- [Exercise details]: Carry none of the pictures over; write out the complete data exactly.

- [Dataset extract]:
=-=-=-=-=

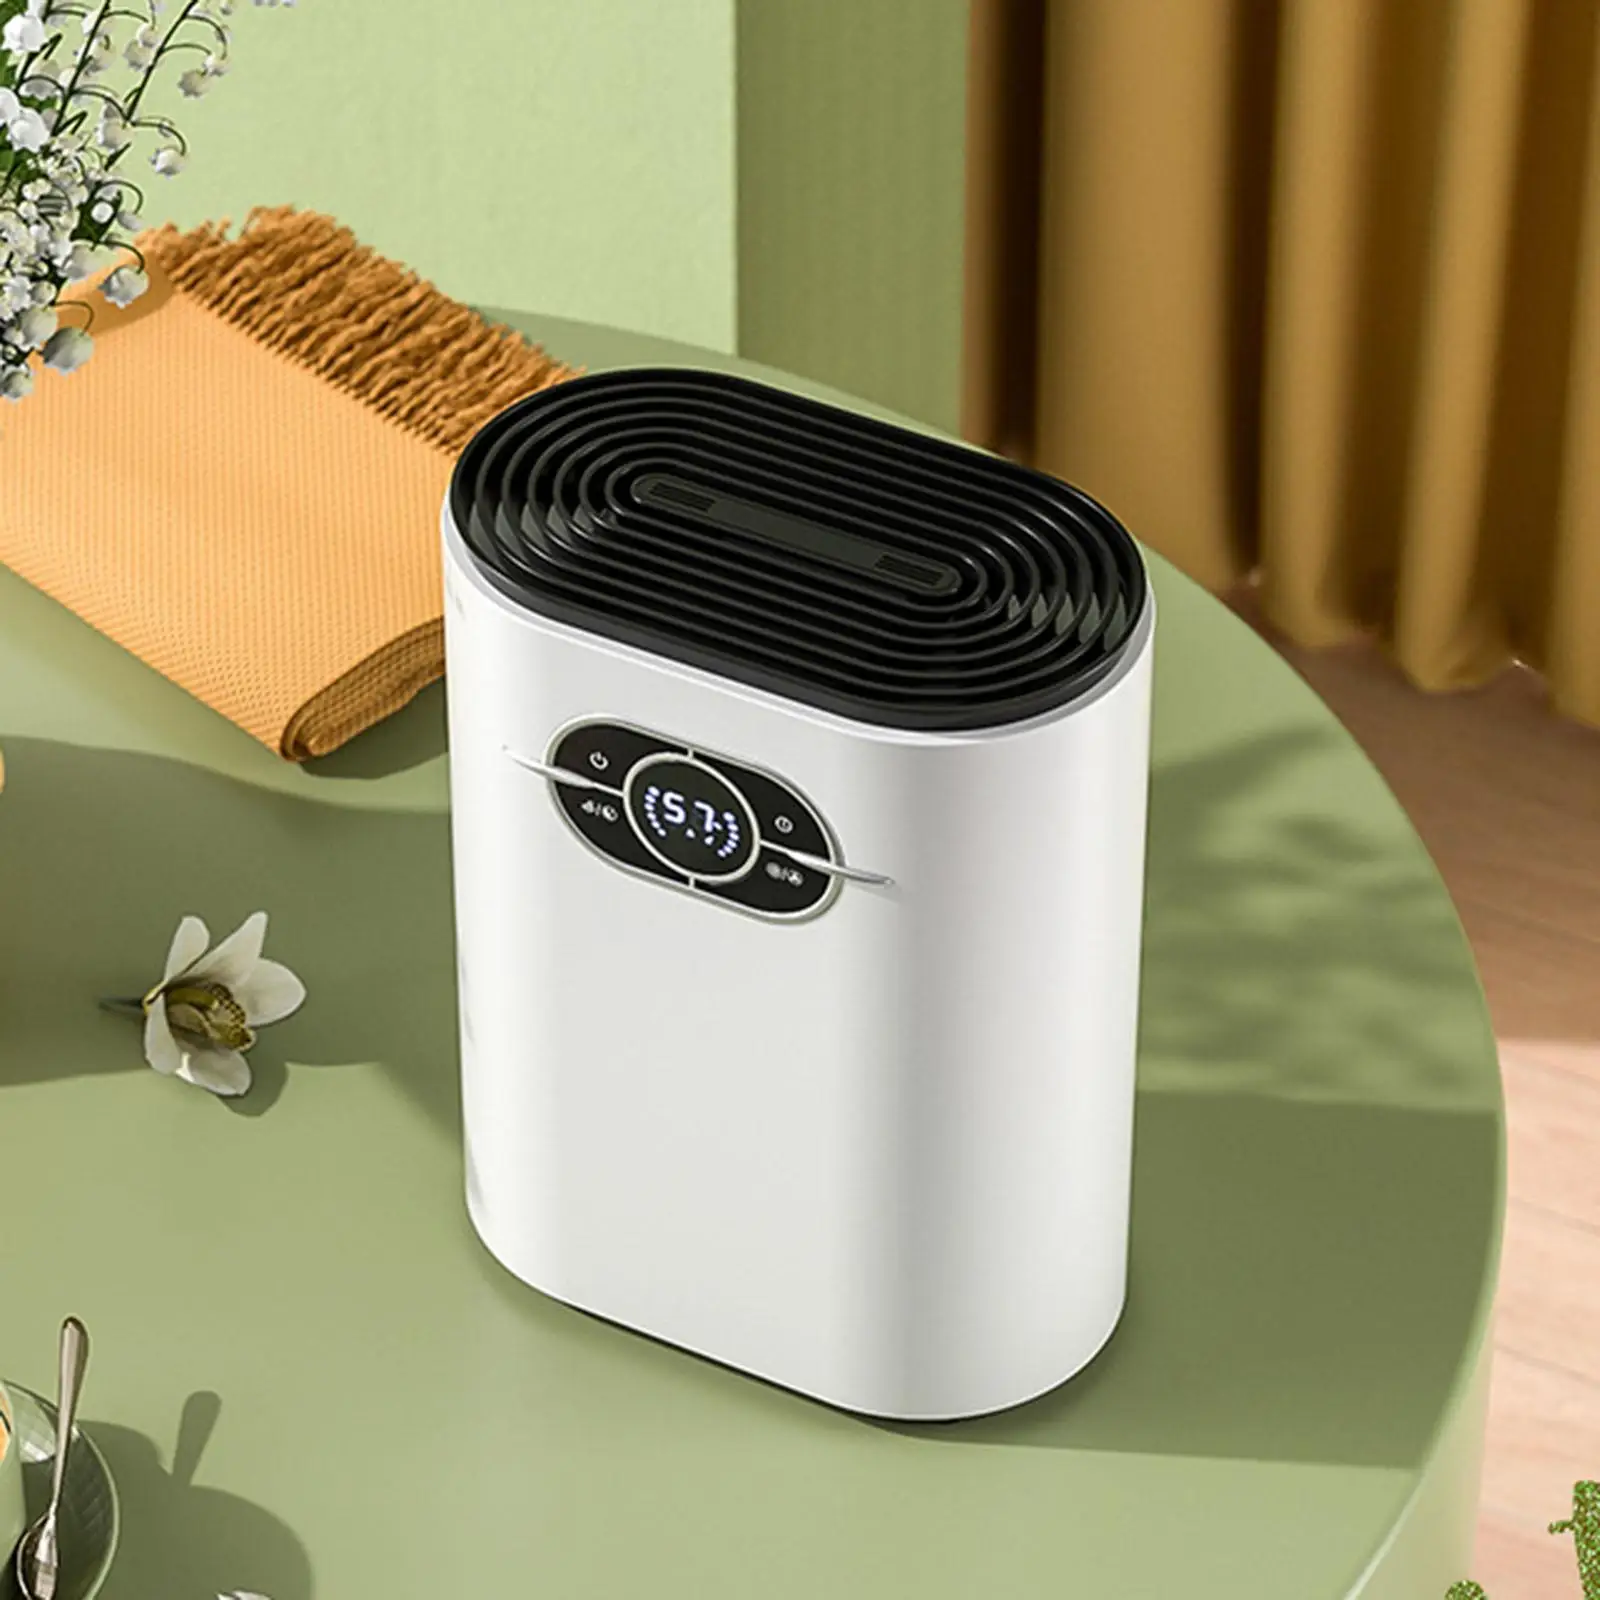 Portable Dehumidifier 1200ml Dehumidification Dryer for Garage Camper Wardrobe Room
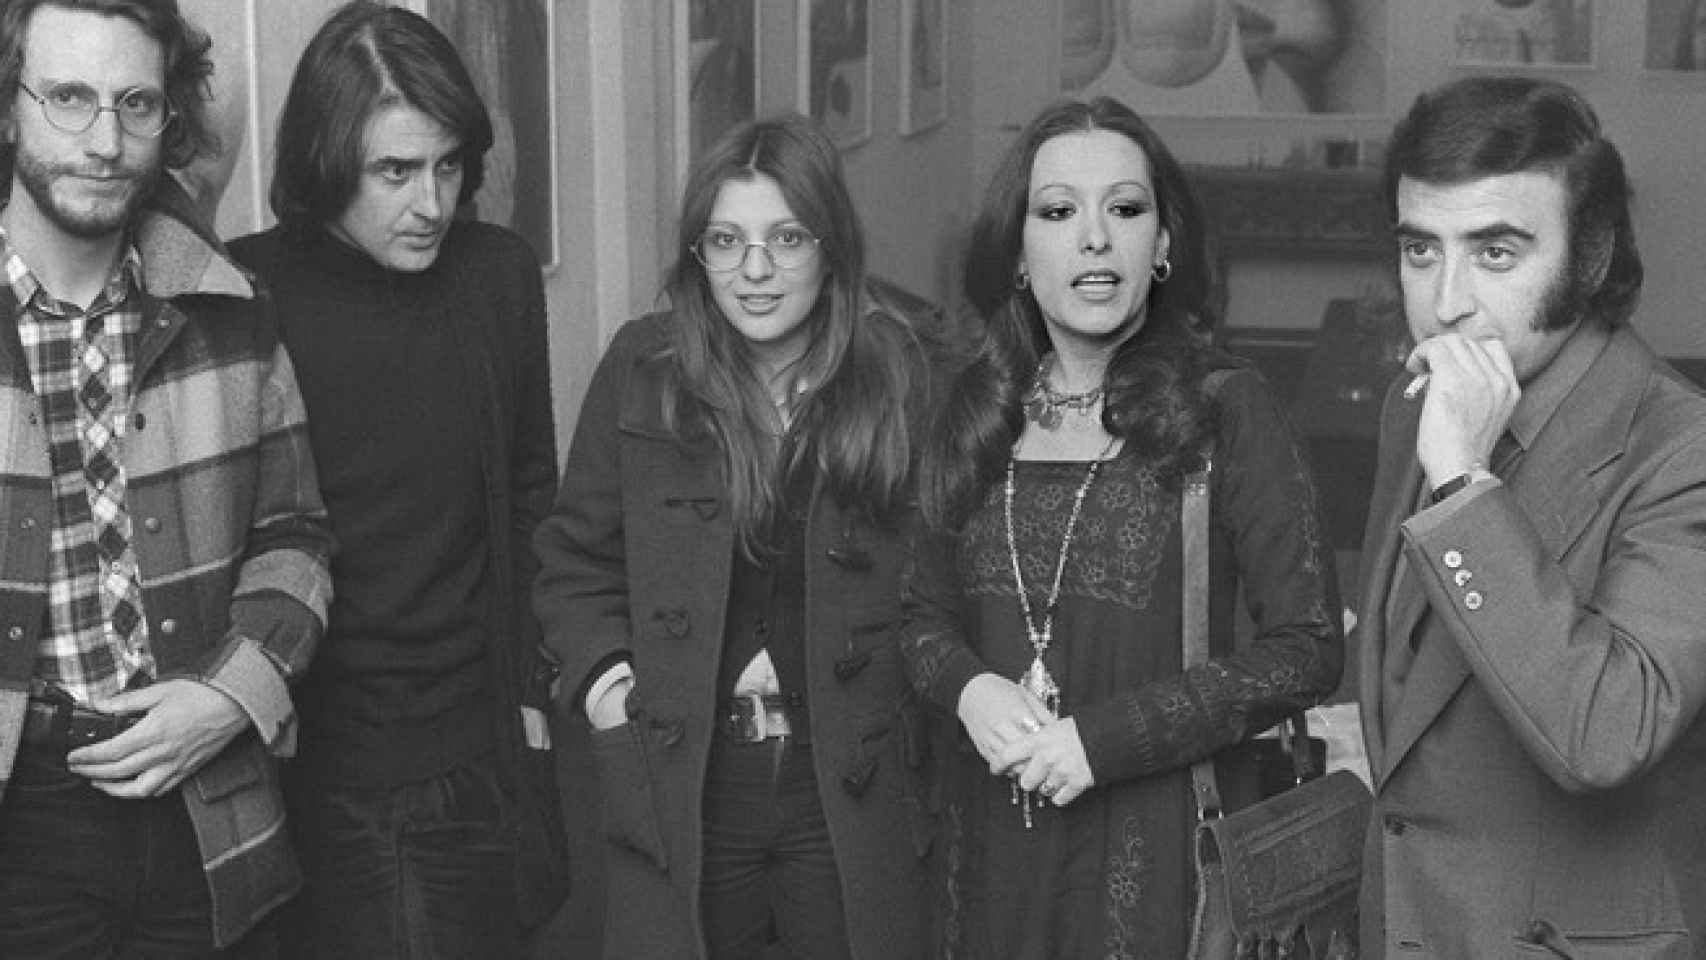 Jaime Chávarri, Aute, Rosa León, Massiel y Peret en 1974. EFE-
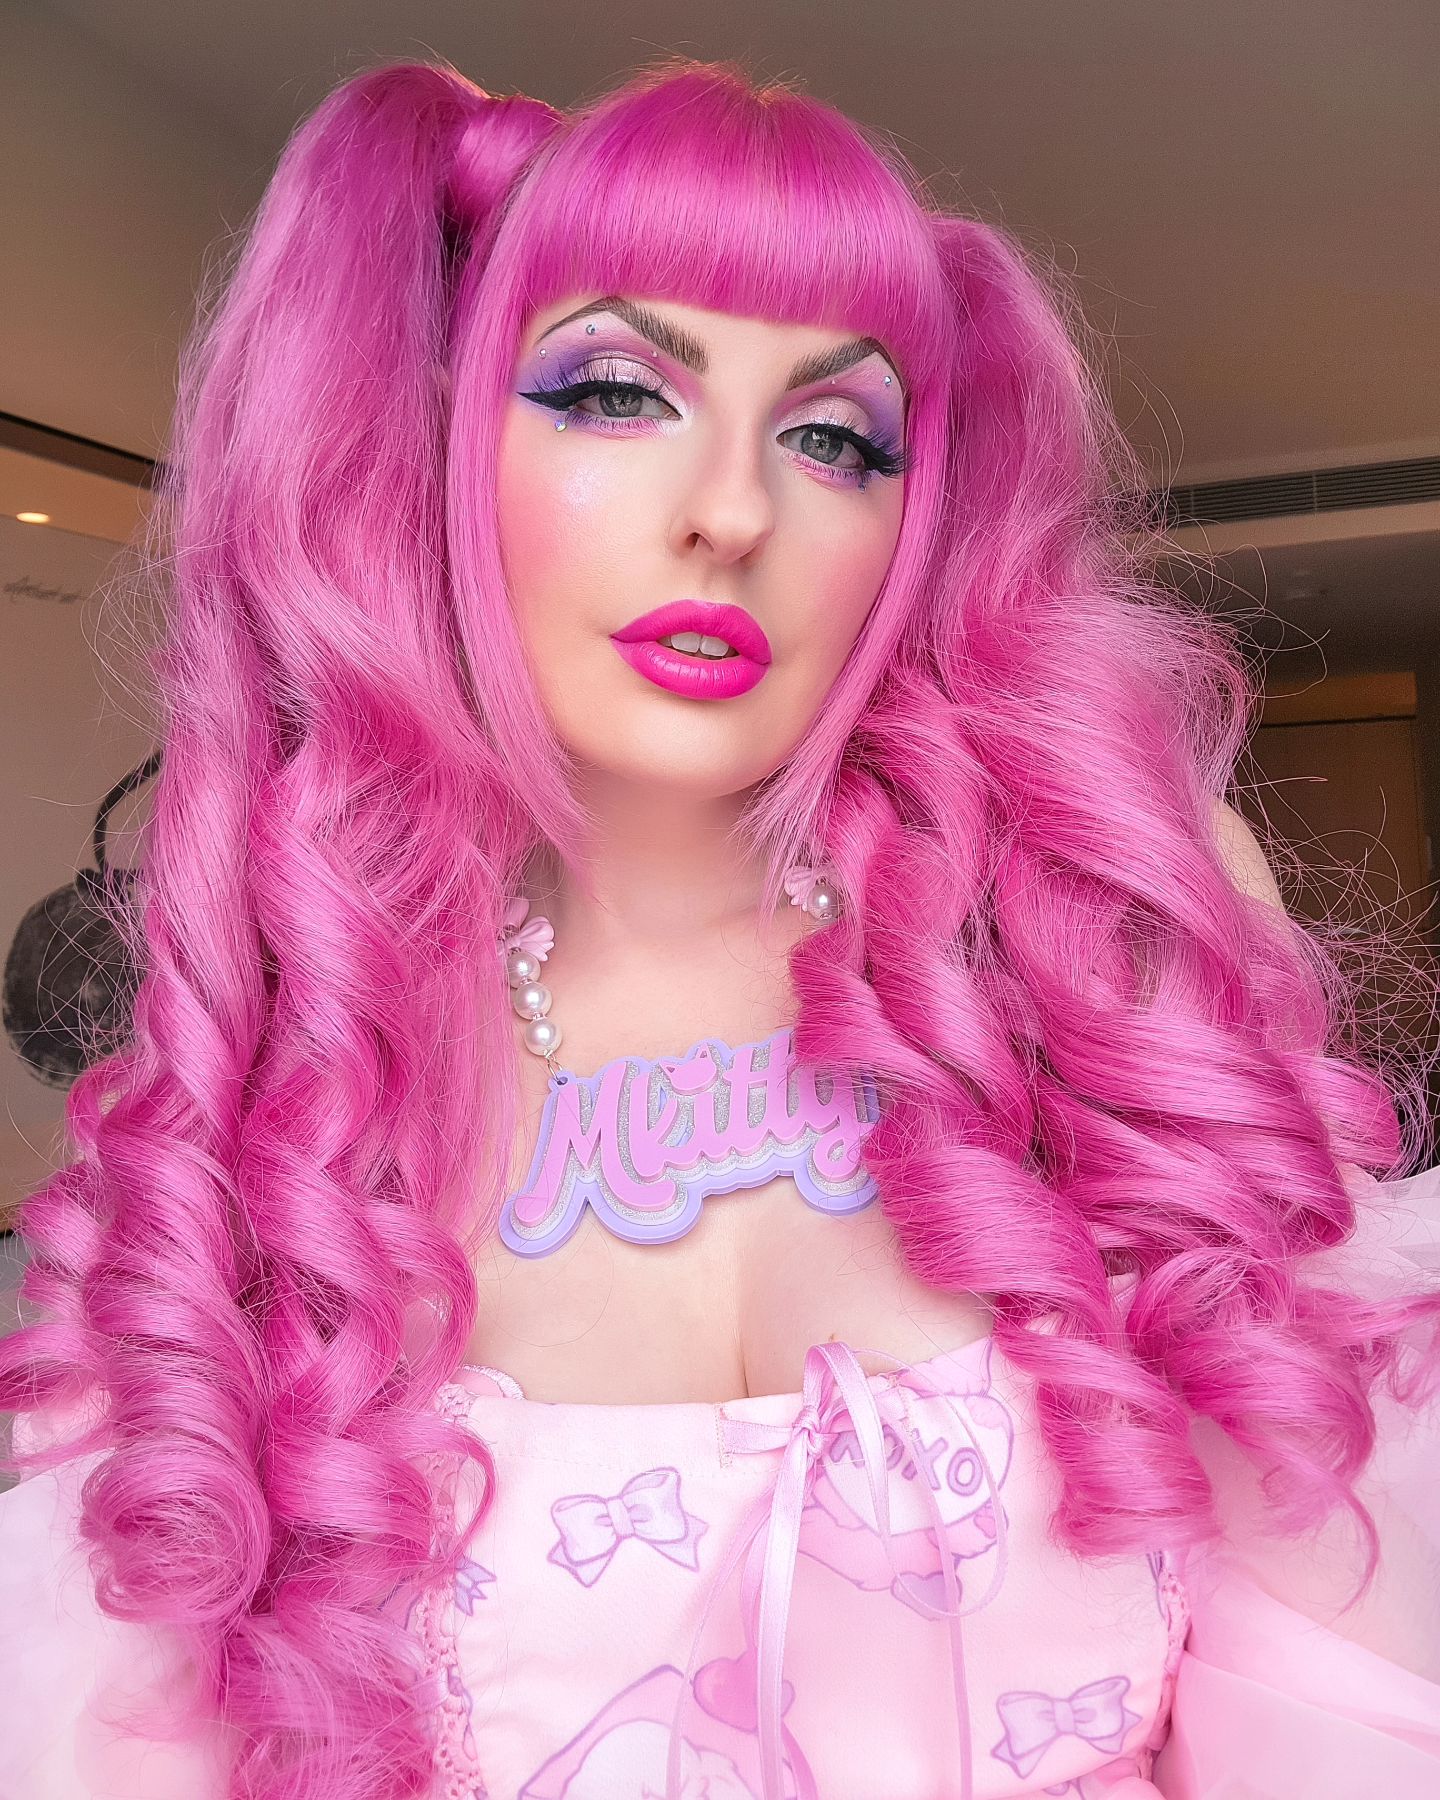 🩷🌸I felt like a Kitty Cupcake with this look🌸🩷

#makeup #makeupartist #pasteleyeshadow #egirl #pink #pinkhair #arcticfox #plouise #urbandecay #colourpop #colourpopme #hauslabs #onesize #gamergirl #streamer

=-=-=-=-=

- [Written answer]:
 Portable Dehumidifier 1200ml Dehumidification Dryer for Garage Camper Wardrobe Room
 Jaime Chávarri, Aute, Rosa León, Massiel y Peret en 1974. EFE-
 🩷🌸I felt like a Kitty Cupcake with this look🌸🩷

#makeup #makeupartist #pasteleyeshadow #egirl #pink #pinkhair #arcticfox #plouise #urbandecay #colourpop #colourpopme #hauslabs #onesize #gamergirl #streamer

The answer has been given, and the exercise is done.